The Spark deployment process refers to the Spark distributed cluster environment_bosea-csDN blog_Spark cluster. However, there are many problems in the deployment process due to different software versions. This section describes how to build clusters for Hadoop3.2 and Spark3.1.2 based on the original version

VMware Workstation Pro 64-bit Operating system: Ubuntu16.04 64-bit Java: JDK-8u3301-linux-x64.tar. gz Scala: VMware Workstation Pro 64-bit Operating system: Ubuntu16.04 64-bit Java: JDK-8u3301-linux-x64.tar. gz Scala-2.12.15.tgz Hadoop: hadoop-3.2.2.tar.gz Spark: spark-3.1.2-bin-hadoop3.2.tgz

Ii. Construction process

1. Create a VM. You can create a user dedicated to Spark for the VM. Run the following commands in sequence on the command line

Sudo user add -m hadoop -s /bin/bash // Create a Hadoop user

Sudo passwd hadoop // Set the hadoop password

Sudo adduser Hadoop sudo // Add hadoop user to sudo group

2. After the cluster is set up, there is one master and two workers (worker1 and worker2). Now set the first VM to master.

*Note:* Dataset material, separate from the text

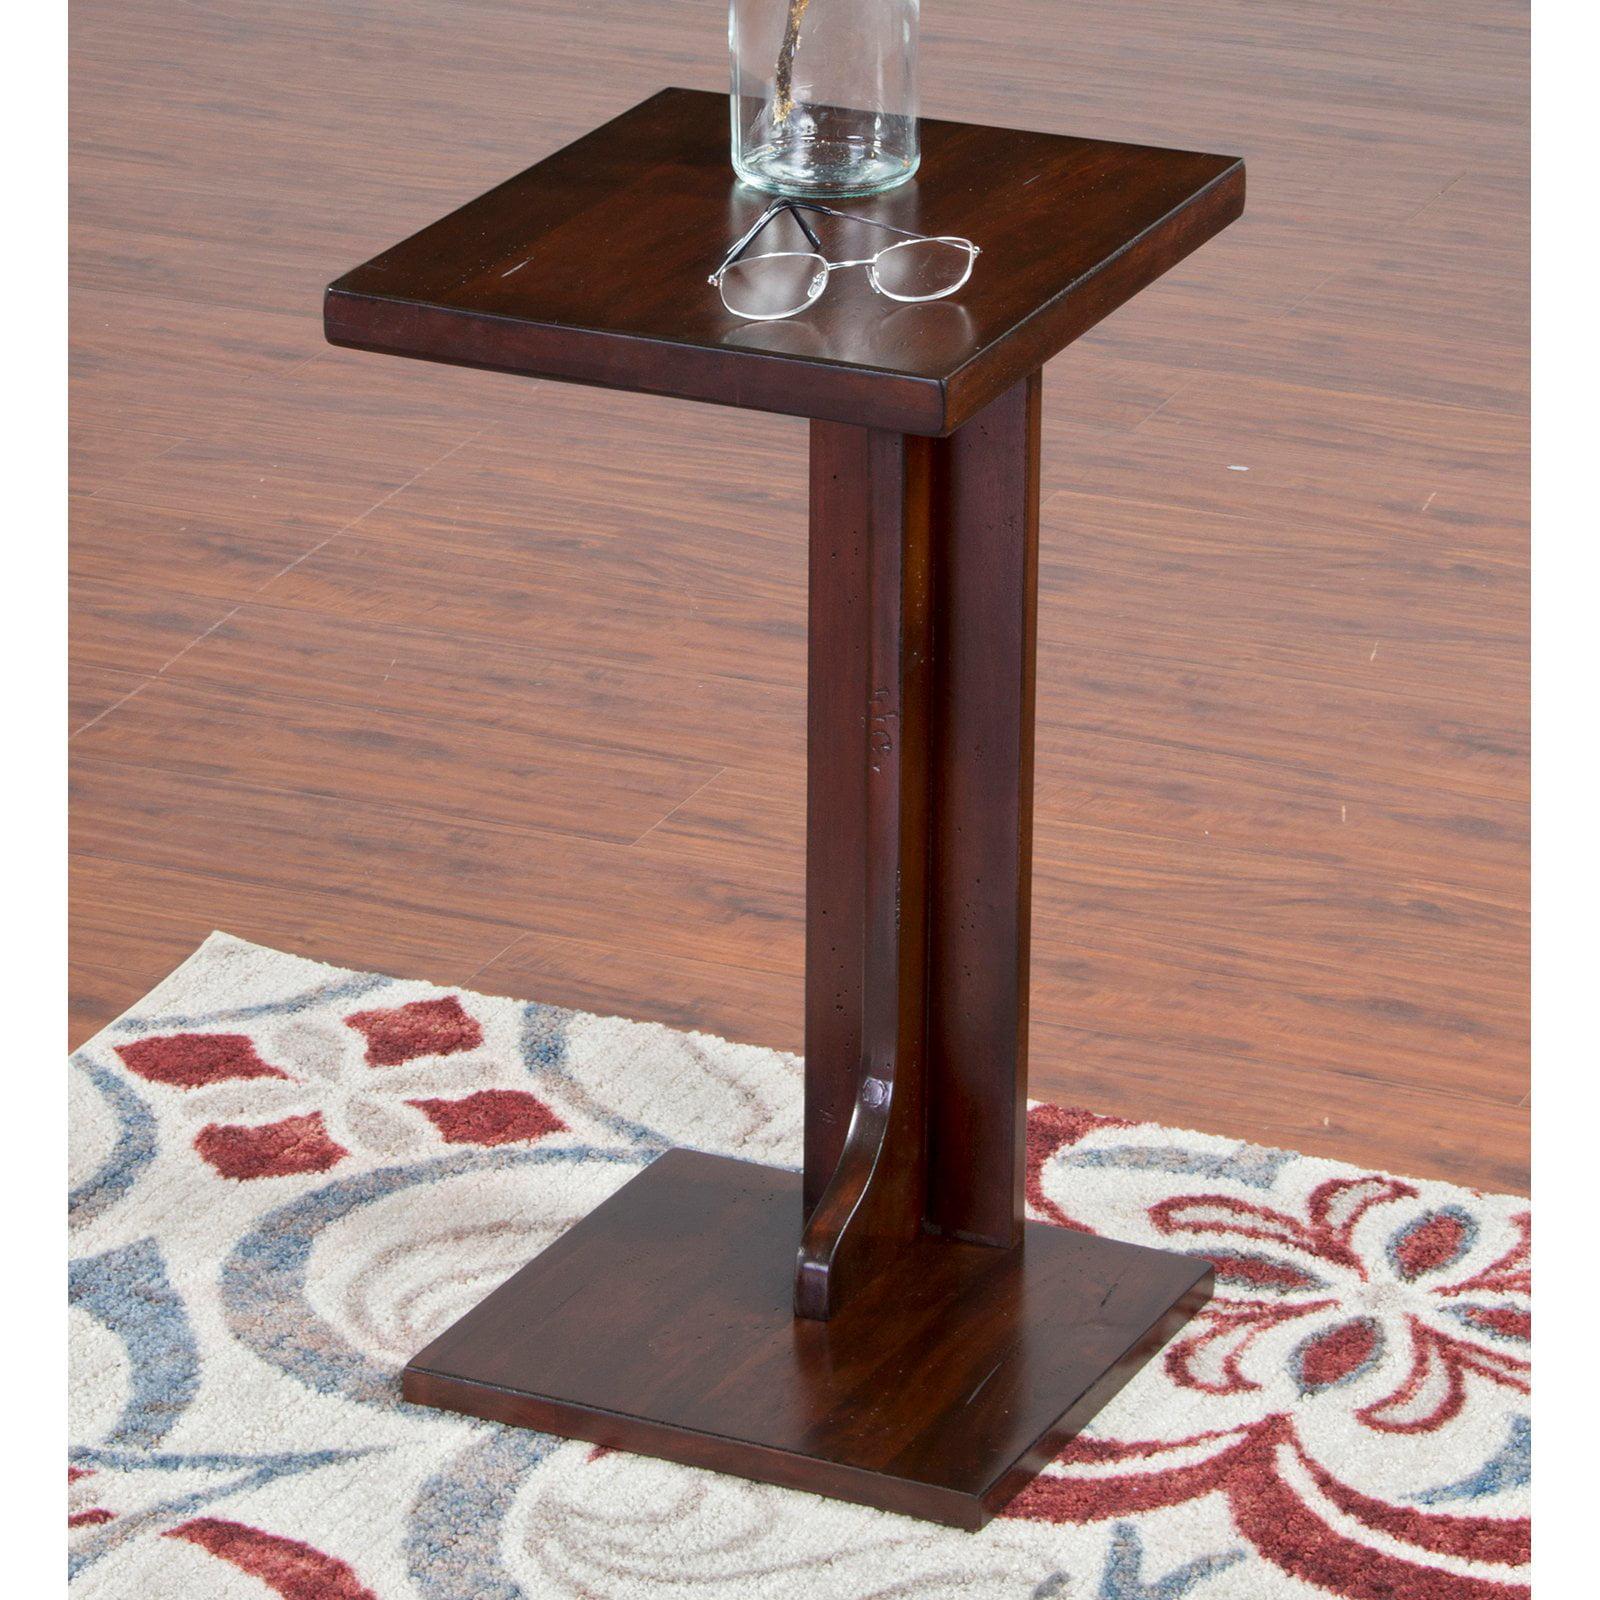 Sunny Designs Vineyard End Table - Rustic Mahogany

Example Change the host name to master

Sudo vi /etc/hostname // Set hsotname

Reboot // Make the Settings take effect



3. Change its OWN IP address to a fixed valueSudo vi /etc/network/interfaces // Changes the IP address



Ifconfig // Displays the current IP address



4. Modify the host file to add hosts of master, worker1, and worker2. Set the IP addresses of worker1 and worker2 to 192.168.127.200 and 192.168.127.210 respectivelySudo vi /etc/hosts // Modify hosts



5. Install the JDK

You are advised to download the installation package and move it to a VM. Create a spark folder under /home/hadoop. Create multiple folders under the Spark folder. Each folder is used to store multiple software versions. For example, my structure looks like this:



Tar -zvxf jdK-8u301-linux-x64.tar. gz // Decompress the installation package

Then add the package location to the environment variable,sudo vi /etc/profile



Source /etc/profiler// Enables the Settings to take effect

Java -version // Check whether the installation is successful

6. Install scalaTar -zxvf Scala-2.12.15.tgz // Decompress the installation package

Add the package location to the environment variable,sudo vi /etc/profile



Source /etc/profiler// Enables the Settings to take effect

Scala-version // Check whether the installation is successful7. Install the SSH service

Sudo apt-get install openssh-server // Install SSH

8. Clone the host

Based on the existing general configuration, clone two VMS as Worker1 and worker2. You need to change the hostname(worker1, worker2) and IP address (192.168.127.200, 192.168.127.210) of the cloned hosts. After the modification, run the ping command to check whether the three devices can communicate with each other.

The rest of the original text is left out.